1) Let ABC be a triangle . Let P and Q denote respectively the reflection of B and C in the internal angle bisector of angle A.Show that the triangles ABC and APQ have the same incentre .

2) Let P(x) = x^2 + a * x + b be a quadratic polynomial with real coefficients. Suppose there are real numbers s not equal to t such that P(s) = t and P(t) = s .Prove that( b-st )is the root of the equation x^2 +a * x + b - st = 0.

3) Find all integers a,b,c such that a^2 = bc +1 and b^2= ac+1

4)Suppose 32 objects are placed along a circle at equal distances.In how many ways can 3 objects be chosen from among them so that no two of the three chosen objects are adjacent nor diametrically opposite .?

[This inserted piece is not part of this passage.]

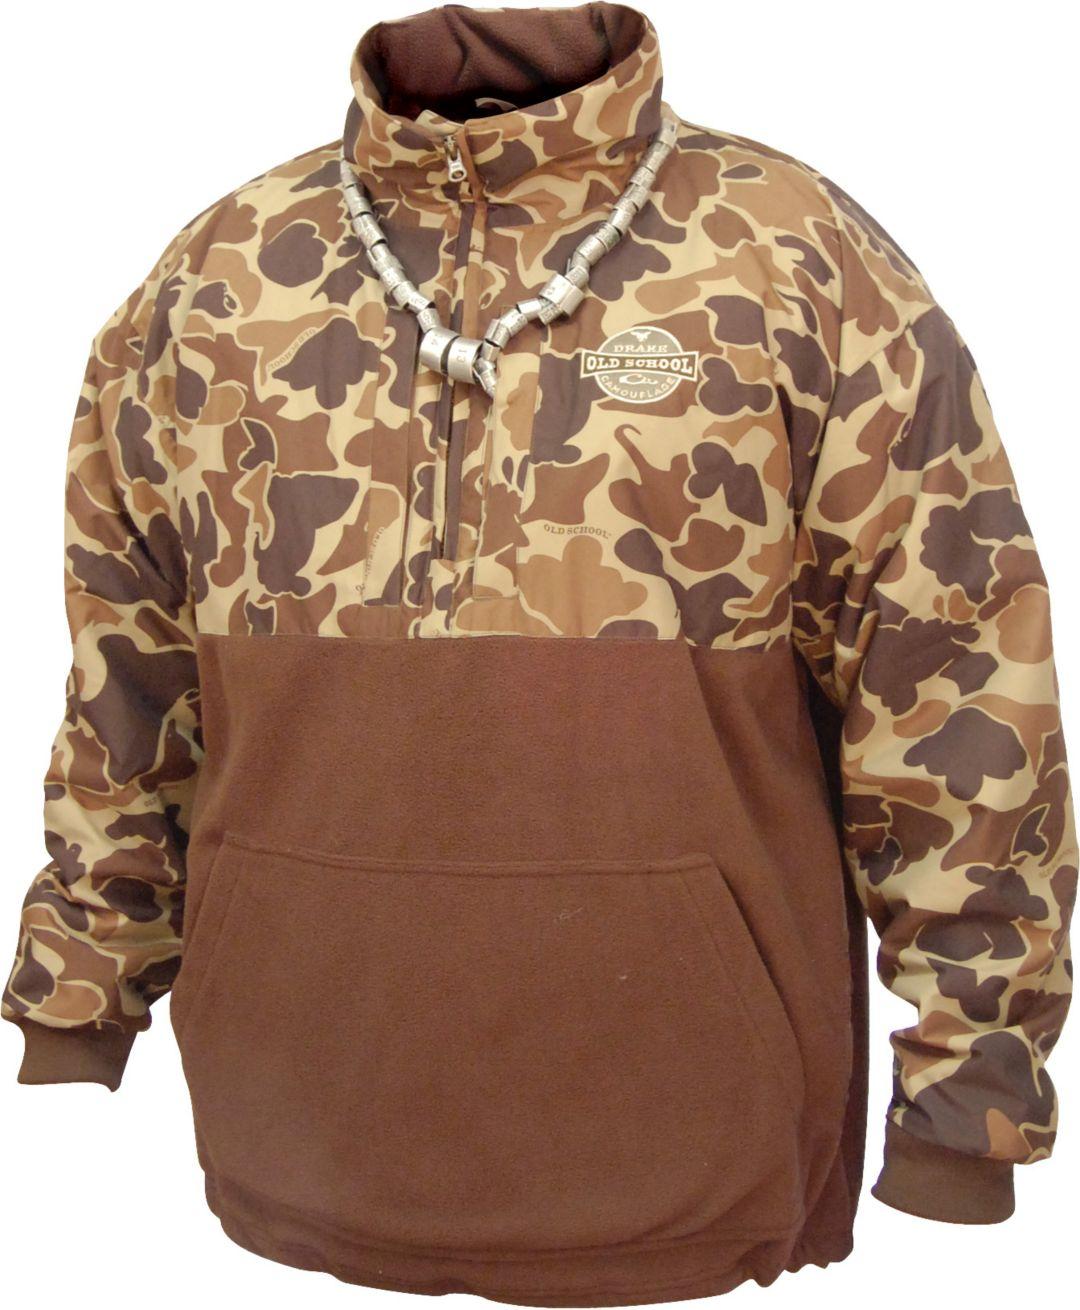 9edde572e4c44 Drake Waterfowl Men's MST Eqwader Quarter Zip Hunting Jacket | Field ...

5)Two circles X and Y in the plane intersect at two distinct points A and B, and the centre of Y lies on X .Let points C and D be on X and Y ,respectively ,such that C,B and D are collinear .Let point E on Y be such that DE is parallel to AC. Show that AE=AB.

6)Find all real numbers a such that 4<a<5 and a(a -3{a}) is an integer .(Here {a} denotes the fractional part of a.For example {1.5} = 0.5 ; {-3.4} = 0.6)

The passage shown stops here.